Chemical Checker Manifesto

In Ersilia, to establish the relationships that sustain the city’s life, the inhabitants stretch strings from the corners of the houses, white or black or gray or black-and-white according to whether they mark a relationship of blood, of trade, authority, agency. When the strings become so numerous that you can no longer pass among them, the inhabitants leave: the houses are dismantled; only the strings and their supports remain.

Invisible Cities, Italo Calvino

Chemistry first

The chemical matter has been largely overlooked in the omics era in favor of sequence molecules such as DNA or proteins. It is time to praise for small molecules and bring them back to the front-line of biomedical research.

The small molecule similarity principle simply makes sense

Similar molecules (tend to) have similar bioactivities. This principle has been validated recurrently and it is the cornerstone of the CC.

All molecules are equally interesting

There is an acute research bias towards popular compounds such as approved drugs. The chemical space is much larger than this. Understudied molecules need to enter computational drug discovery pipelines.

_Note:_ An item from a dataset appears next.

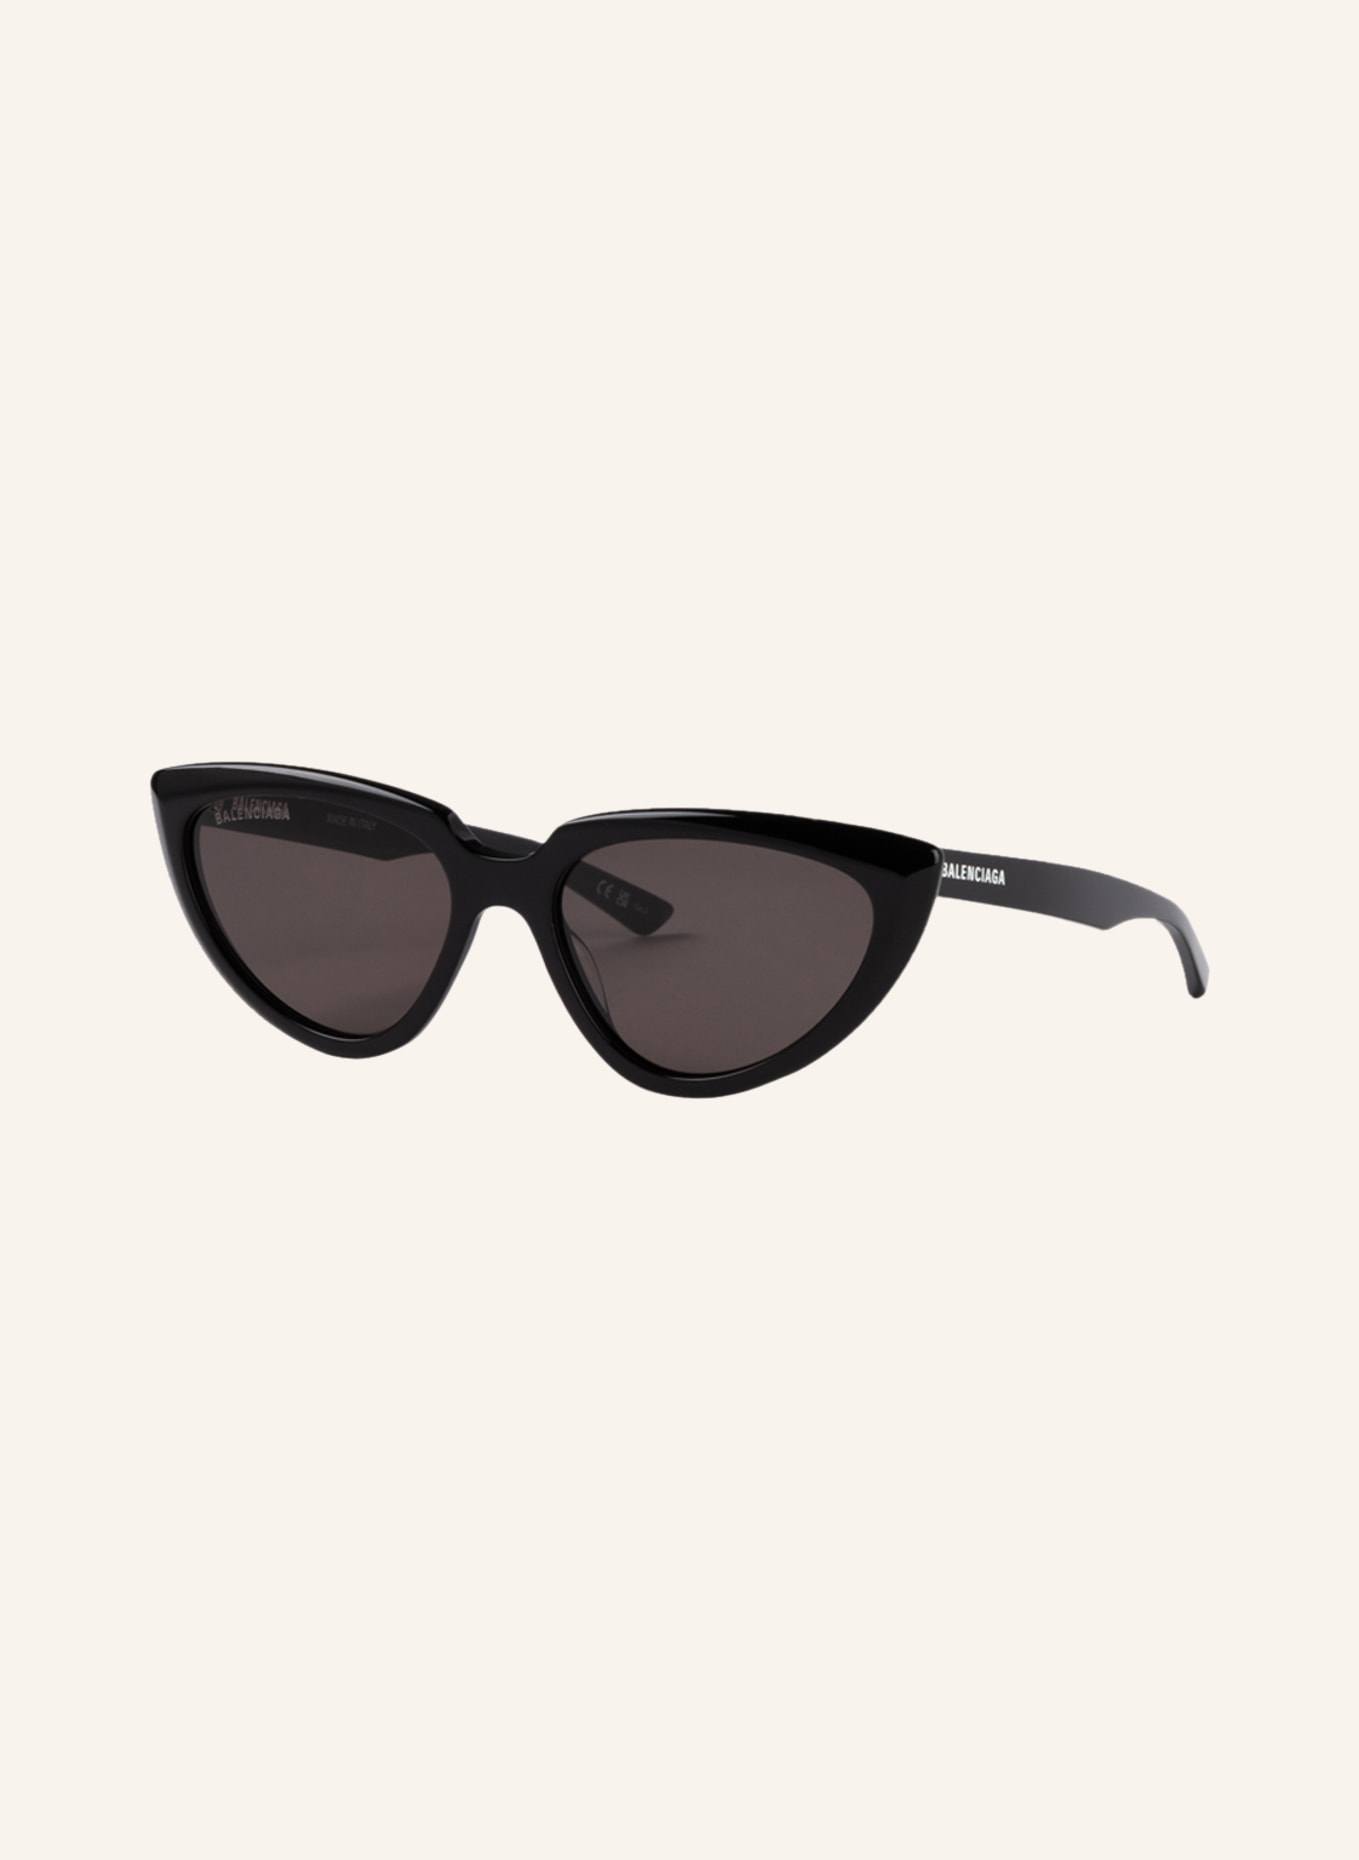 BALENCIAGA Sunglasses BB0182S, Color: 1100L1 - BLACK/DARK GRAY (Image 1)

Infinite data, finite types of data

The CC is restricted to a 5x5 organization of data types, and it will continue like this. Data are constantly released to the public domain, and it is our duty to keep up to date with the work of others. Despite the rather fixed organization of the CC, we have room for an unlimited number of datasets. Dataset are data of a certain type, belonging to one (or more) particular resource, and treated in a well-defined way.

Others are better curators than us

The SB&NB is not a data curation group, and the CC is not an integrative database in the strict sense of the word. We trust the work of others.

It is time to go predictive

The omics revolution has produced an overwhelming amount of molecule/phenotype correlations but, most often, these have not been useful to do prospective predictions. In the CC, we sacrify precise interpretation in favor of more abstract representations of the data (signatures), which are easy to plug to machine learning algorithms.

We don’t need another chemoinformatics library

There are tons of chemoinformatics libraries out there, and some of them are truly awesome. The CC is mostly about generating biological signatures, not about reading different types of small molecule formats or producing images for them.